Las falacias de la Historia Argentina, Latinoamerica y como correlato del actual conflicto Estado Nacional/Campo. Por JFDPO
Dos grandes falacias de la Historia Argentina son, ante el modesto entender de quien esto escribe, los siguientes enunciados:
“La Argentina gracias EL CAMPO fue en alguna época EL GRANERO DEL MUNDO y por ello se coloco en el lugar de las grandes potencias, en el lugar de los países centralizados, los países DEL PRIMER MUNDO…”
“…dados los orígenes inmigratorios de nuestra composición demográfica, la Argentina no es Latinoamérica sino un pedazo de Europa en Latinoamérica…”
En relación al segundo enunciado cabe destacar que en función de los problemas políticos, sociales y económicos que tuvo la nación durante el siglo XX es necesario concluir en que nada nos aleja ni coloca en posición de superioridad respecto al resto de los países latinoamericanos, es decir en relación al resto de nuestros hermanos, nos guste o no, aun con abuelos alemanes o italianos.
En relación al primer enunciado vamos a establecer que no hay país industrializado que no sea del PRIMER MUNDO y no hay país del PRIMER MUNDO que no sea industrializado, tal vez debamos, por lo menos sospechar, que existe una relación entre desarrollo tecnológico y desarrollo económico, político y social.
Si con el término “industria” nos referimos a la producción de manufacturas dejando de lado la producción primaria vamos a extendernos un poco y hablar del modelo agro exportador e importador de manufacturas y de su desarrollo en nuestra historia, No es esto un examen económico financiero del modelo sino que intenta ser un análisis realizado en clave histórica.
LA GUERRA DE LA TRIPLE ALIANZA:
El contenido de hierro en su forma oxidada (Fe2O3) no solo fue útil a los efectos de proveer a la tierra de la hermana Republica del Paraguay su tonalidad rojiza sino también fue funcional a una política tendiente al desarrollo industrial. Fue así como hacia el año 1864 el país vecino gobernado por el Mariscal Francisco Solano López contaba con índices prácticamente nulos de desocupación, muy altos en alfabetización y entre otros avances se instalaban las primeras fundiciones de hierro de América del Sur en las ciudades de Asunción e Ybicui y se botaba el primer buque a vapor de Latinoamérica.

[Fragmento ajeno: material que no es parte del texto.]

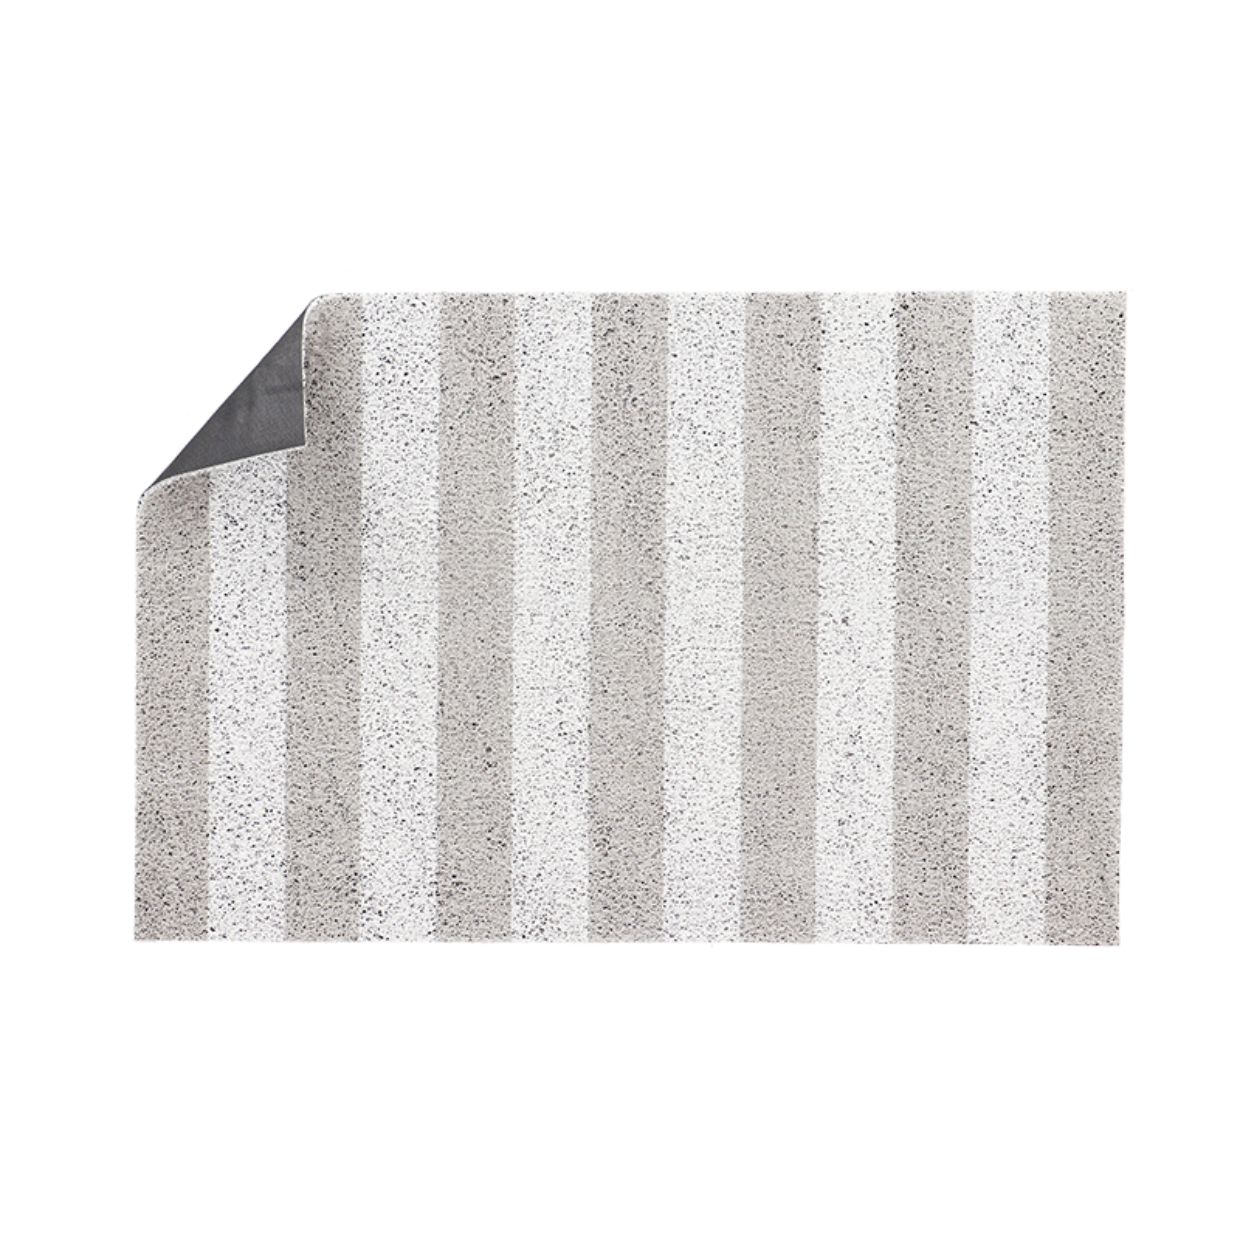 Underlay Doormat Stripes
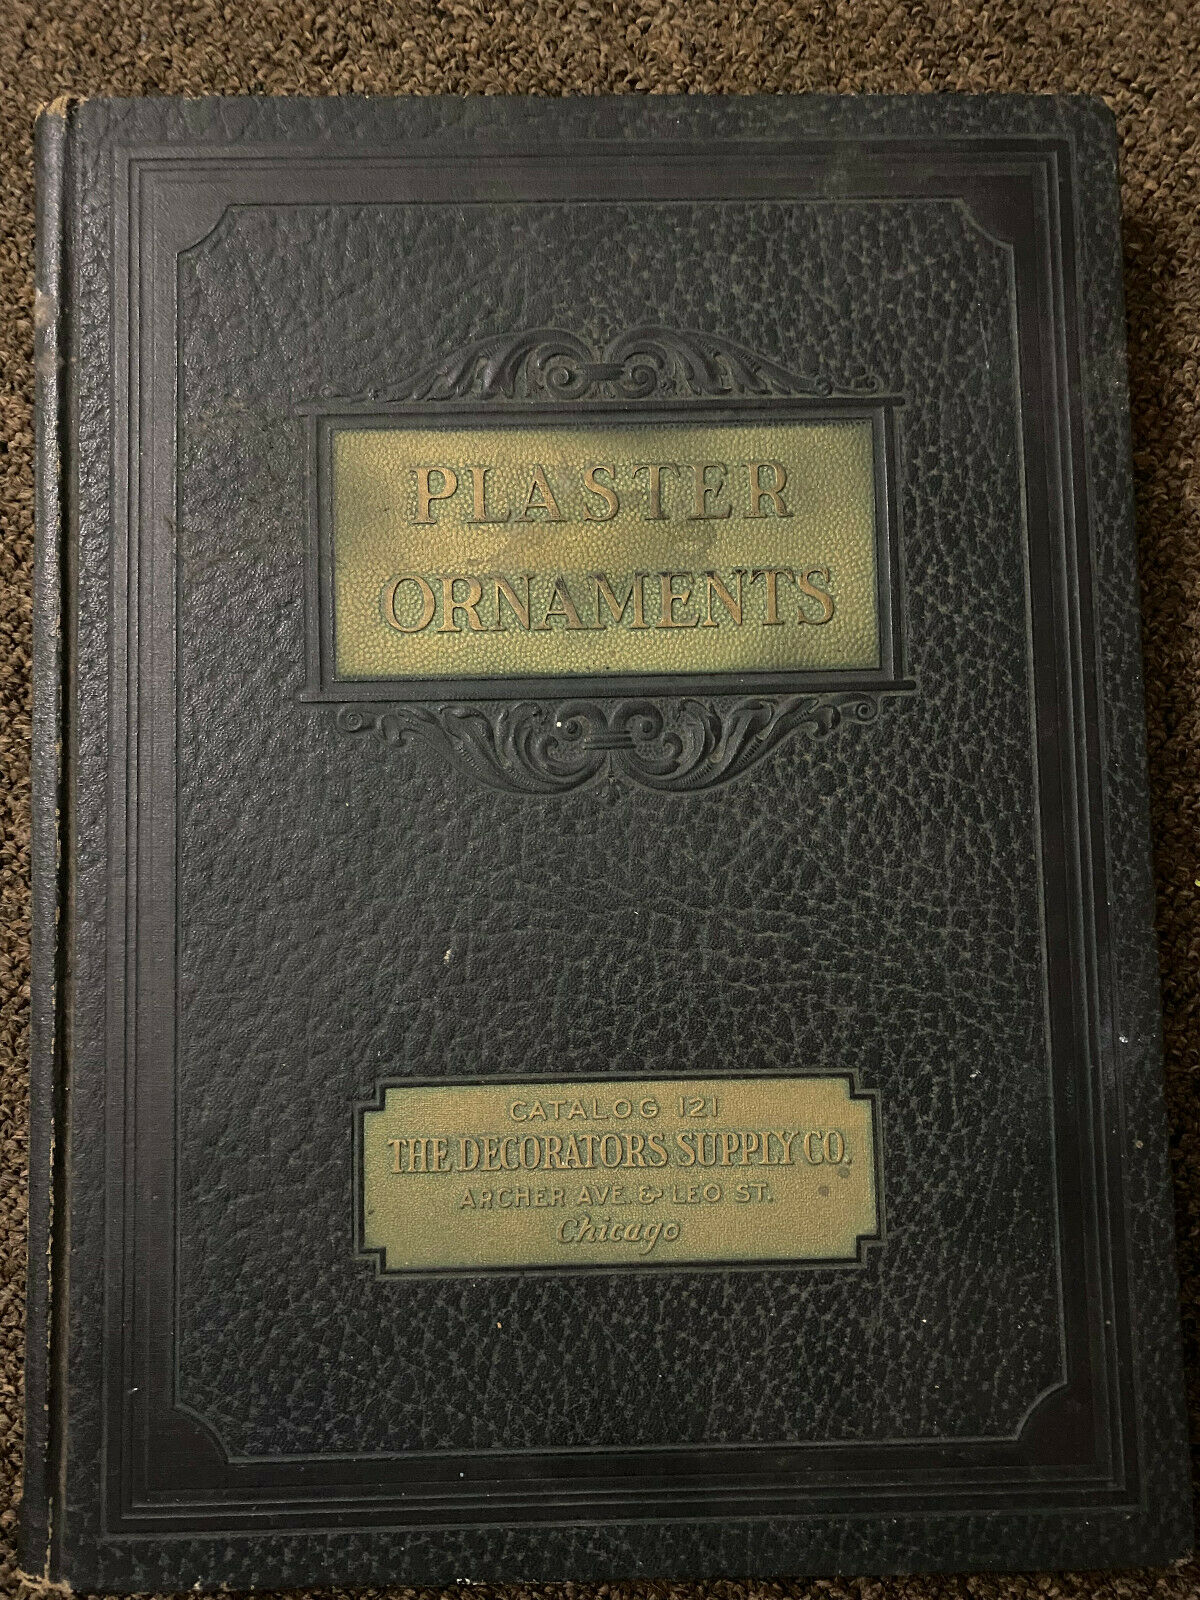 Plaster Ornaments - Decorators Supply Co. Catalog 121

Mientras tanto los demás países de la región mantenían el modelo de exportación de materias primas provenientes del agro e importación de manufacturas provenientes de los países europeos, los países centrales, las grandes potencias industrializadas, a saber y por citar un ejemplo Gran Bretaña, aquella monarquía con la cual los argentinos hemos mantenido una relación de amor odio tan cercana a la histeria y tan lejana a la cordura, era un país con fuertes intereses comerciales en la región y nuestros hermanos paraguayos con su crecimiento industrial significaban a los gringos algo muy parecido a un grano en el orto.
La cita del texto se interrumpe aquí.